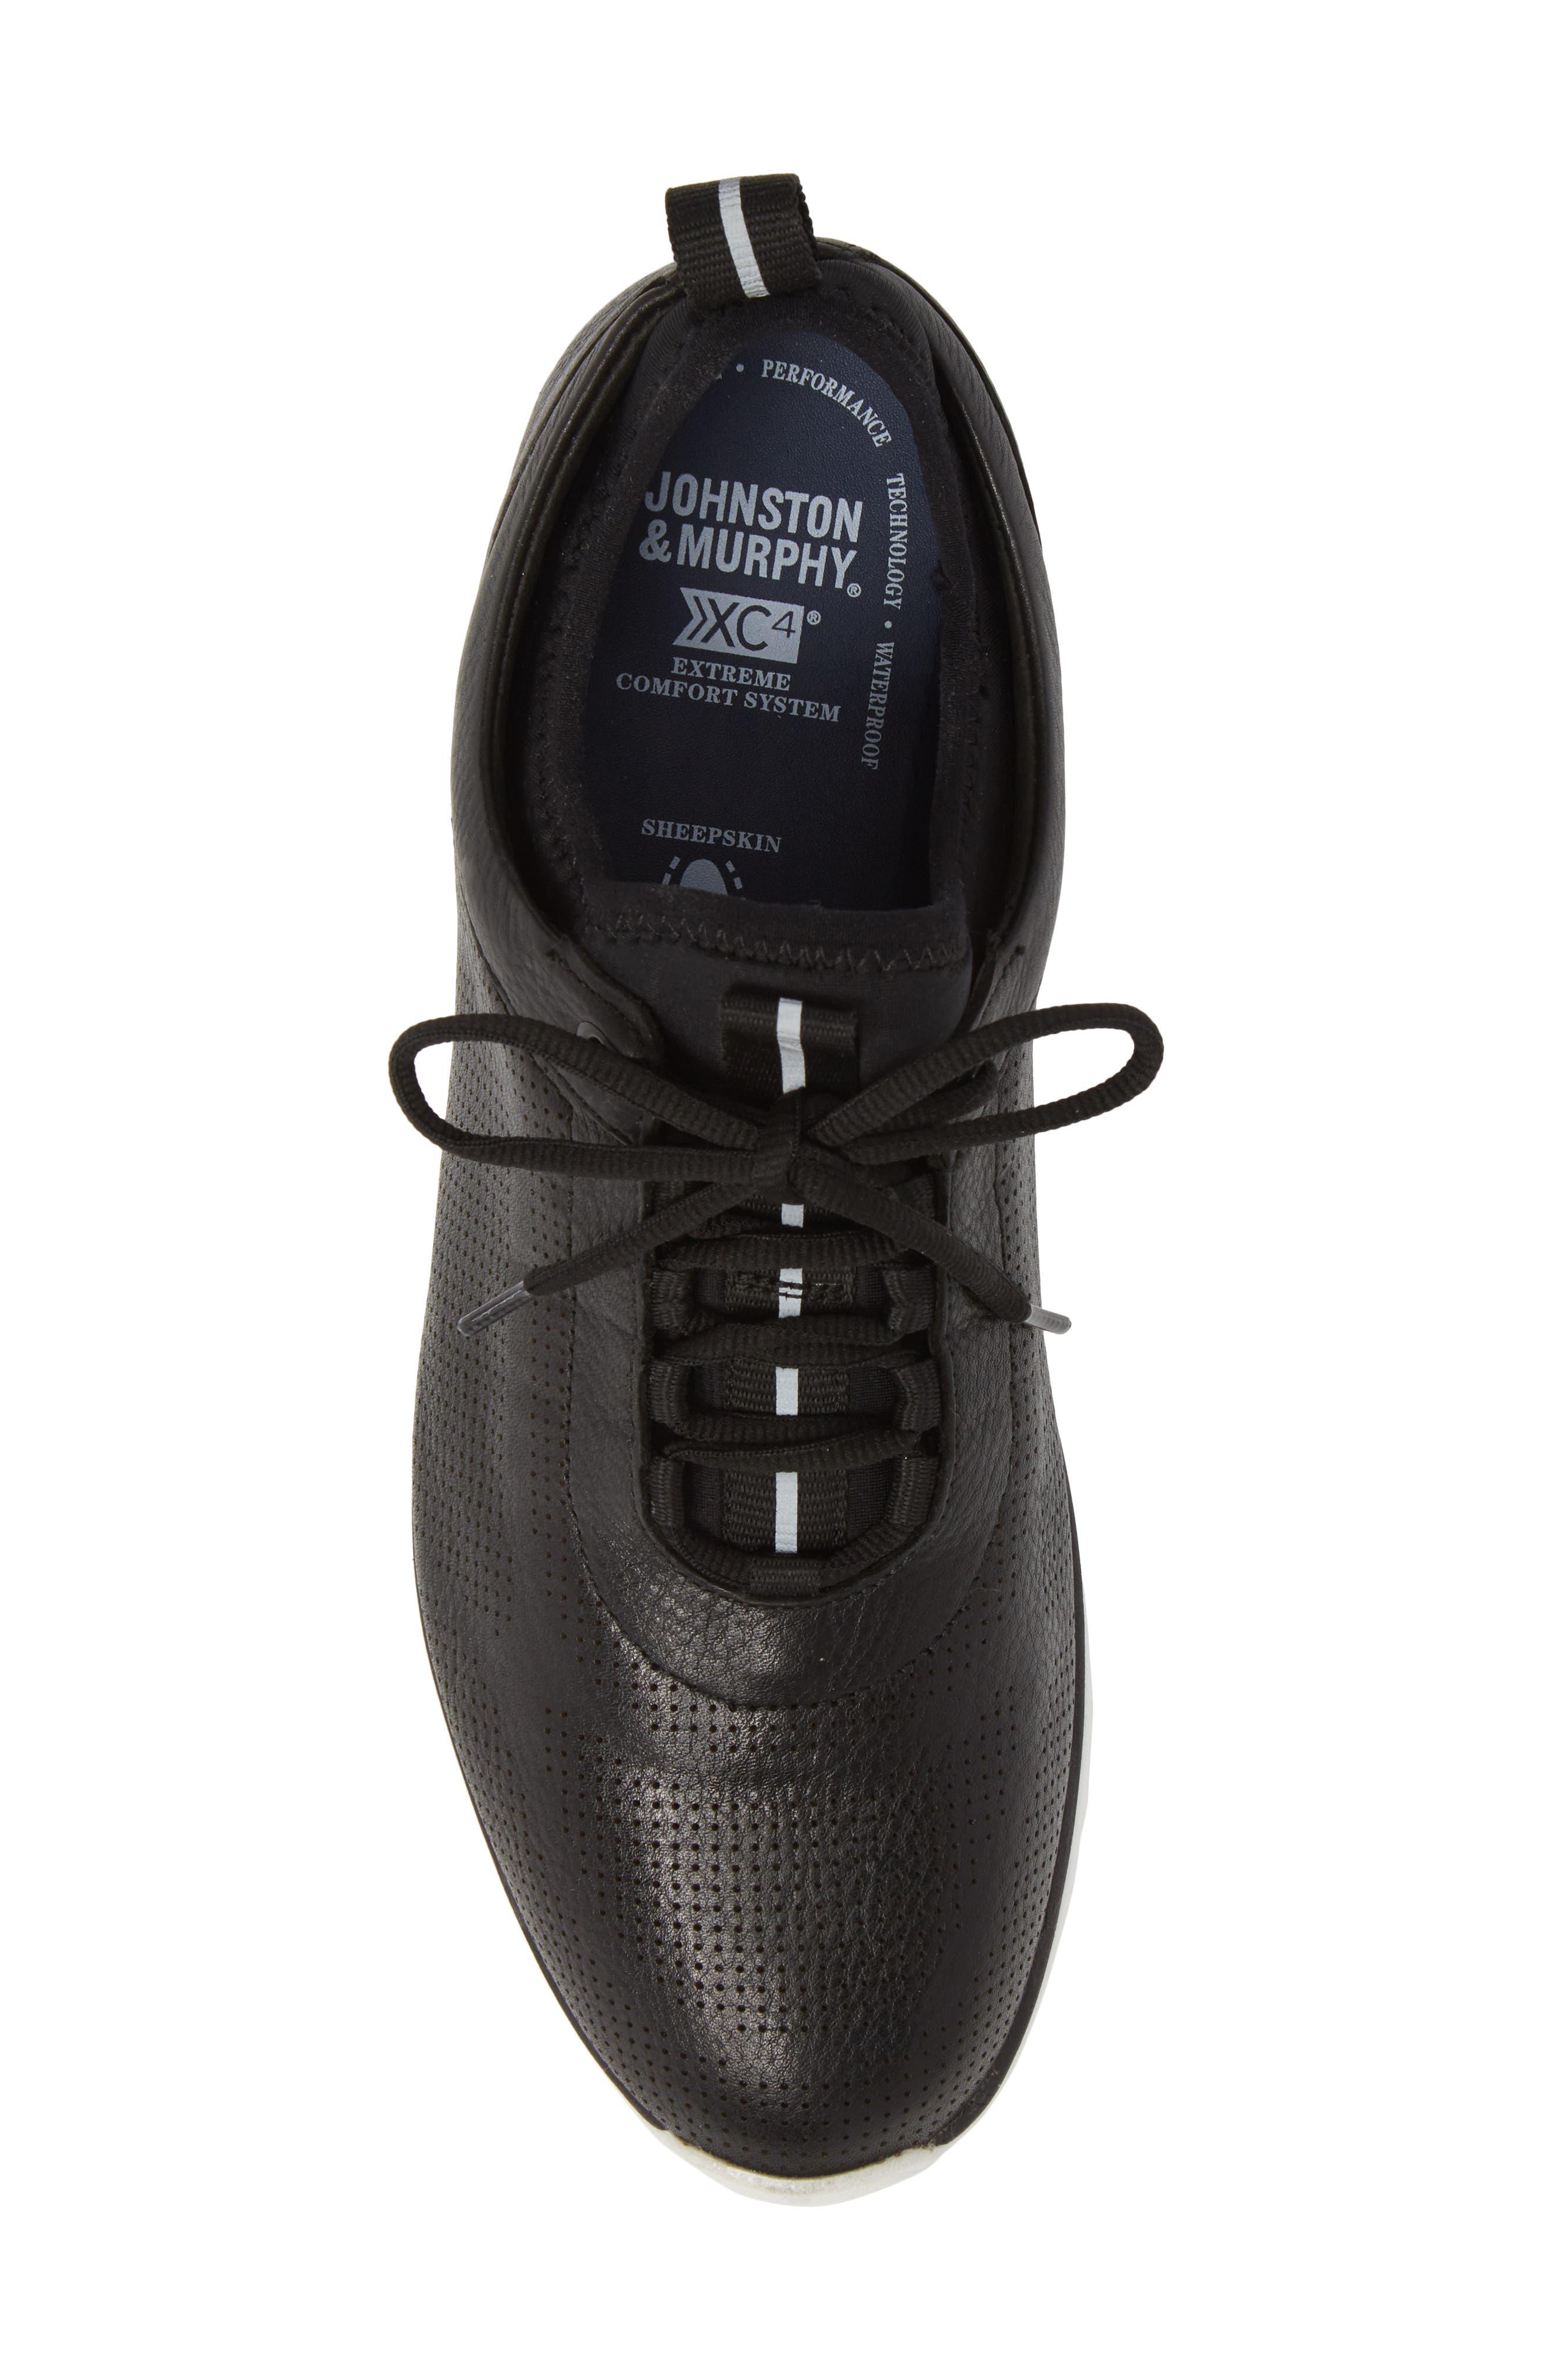 Prentiss XC4<sup>®</sup> Waterproof Sneaker,                             Alternate thumbnail 5, color,                             BLACK LEATHER
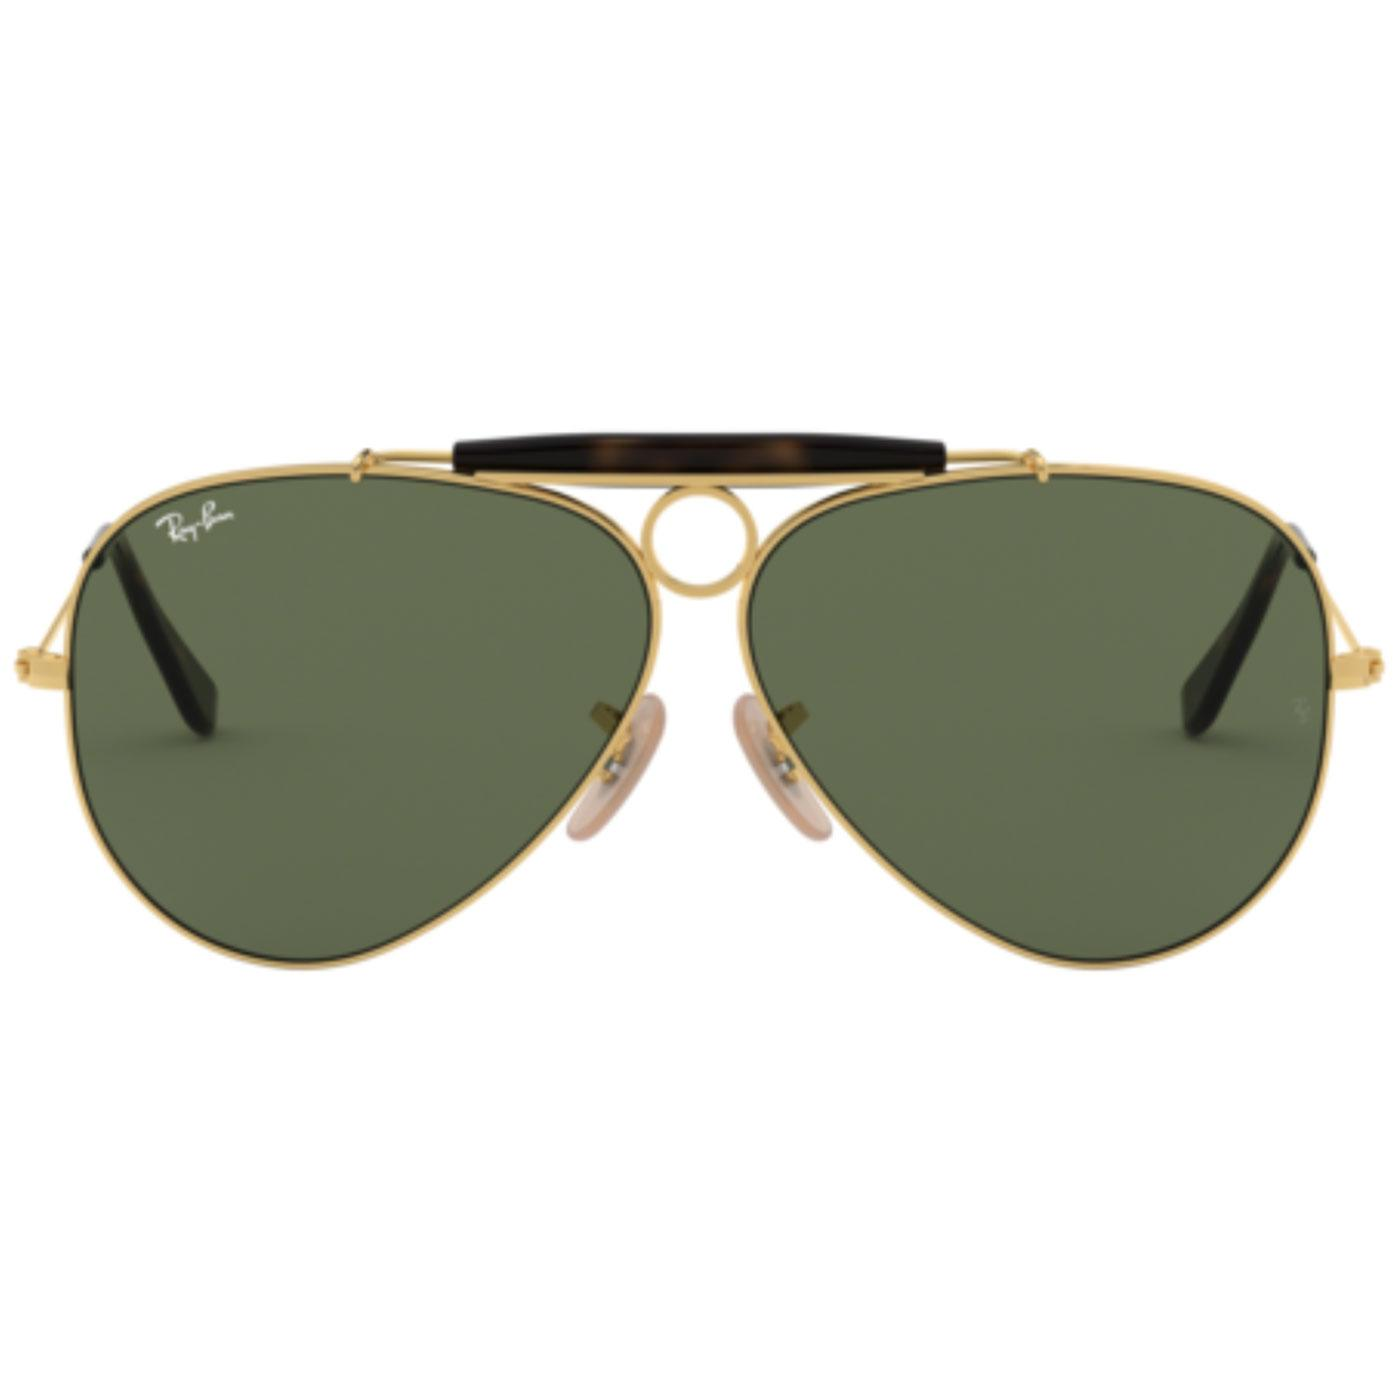 Shooter RAY-BAN Retro 60s Mod Aviator Sunglasses
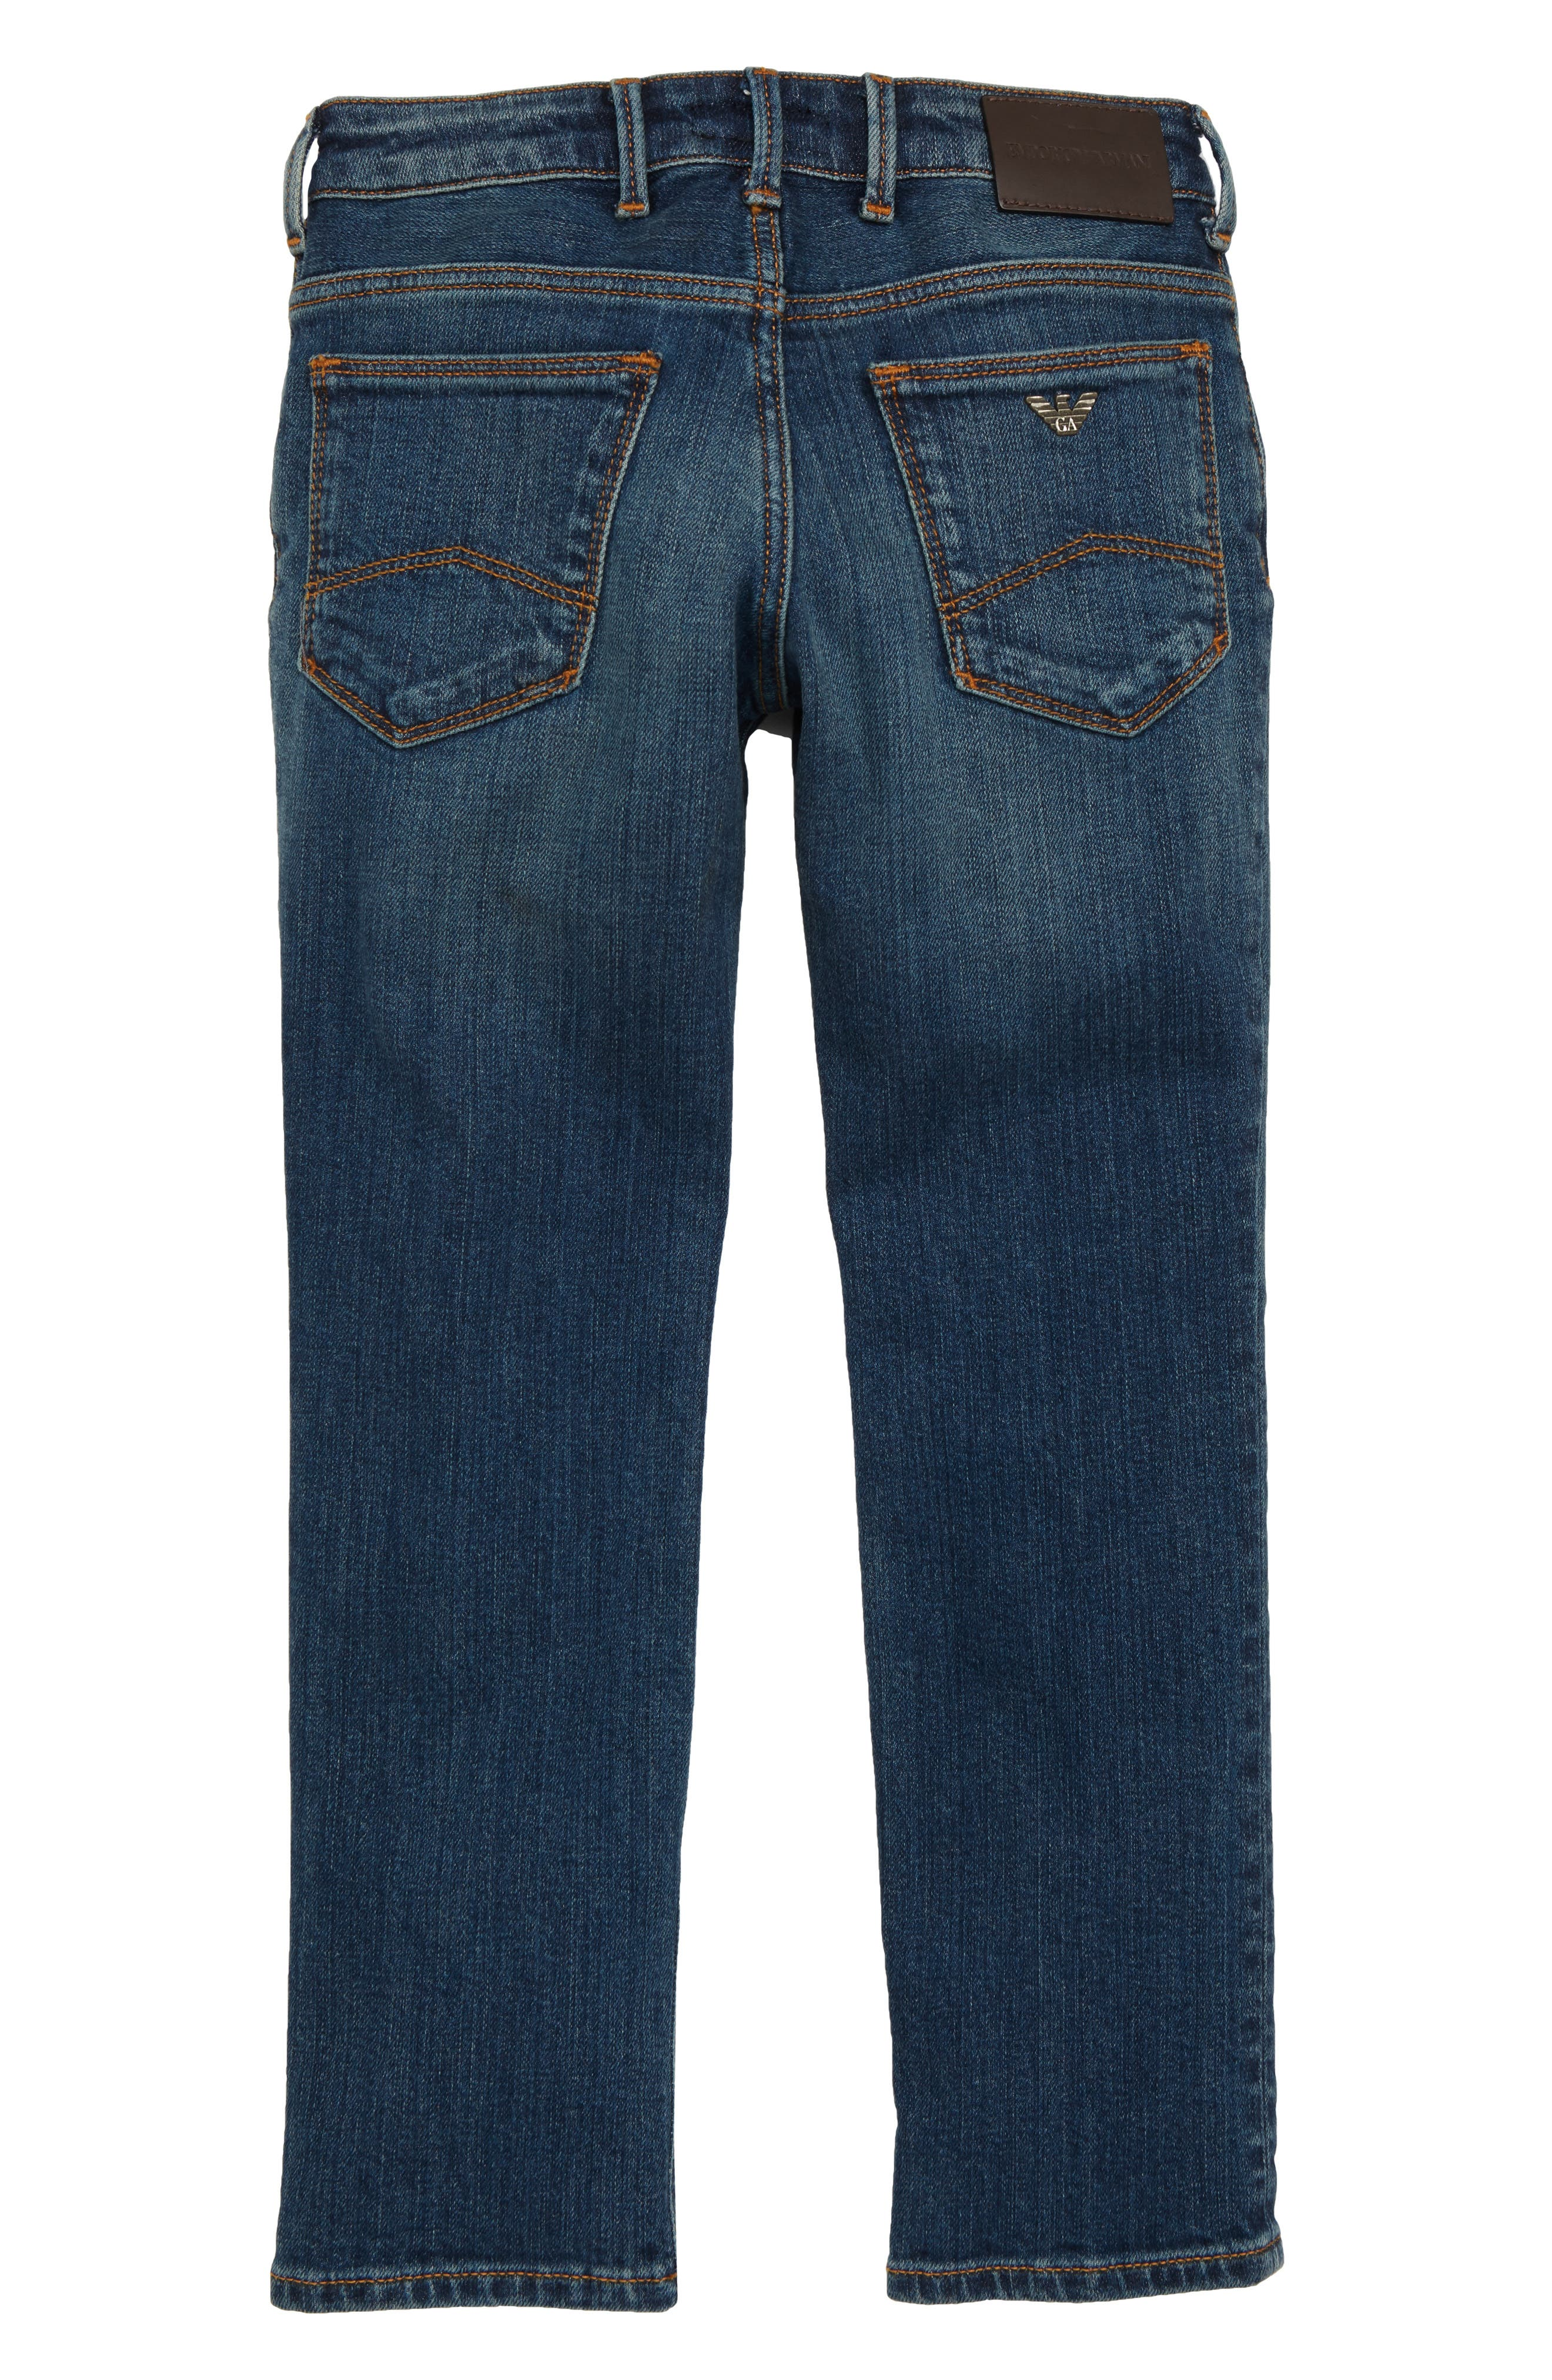 ARMANI JUNIOR,                             Denim Jeans,                             Alternate thumbnail 2, color,                             SOLID DARK BLUE
• • • •
Please restate all of the listing above word for word, with no pictures.

 Prentiss XC4<sup>®</sup> Waterproof Sneaker,                             Alternate thumbnail 5, color,                             BLACK LEATHER
 Shooter RAY-BAN Retro 60s Mod Aviator Sunglasses
 ARMANI JUNIOR,                             Denim Jeans,                             Alternate thumbnail 2, color,                             SOLID DARK BLUE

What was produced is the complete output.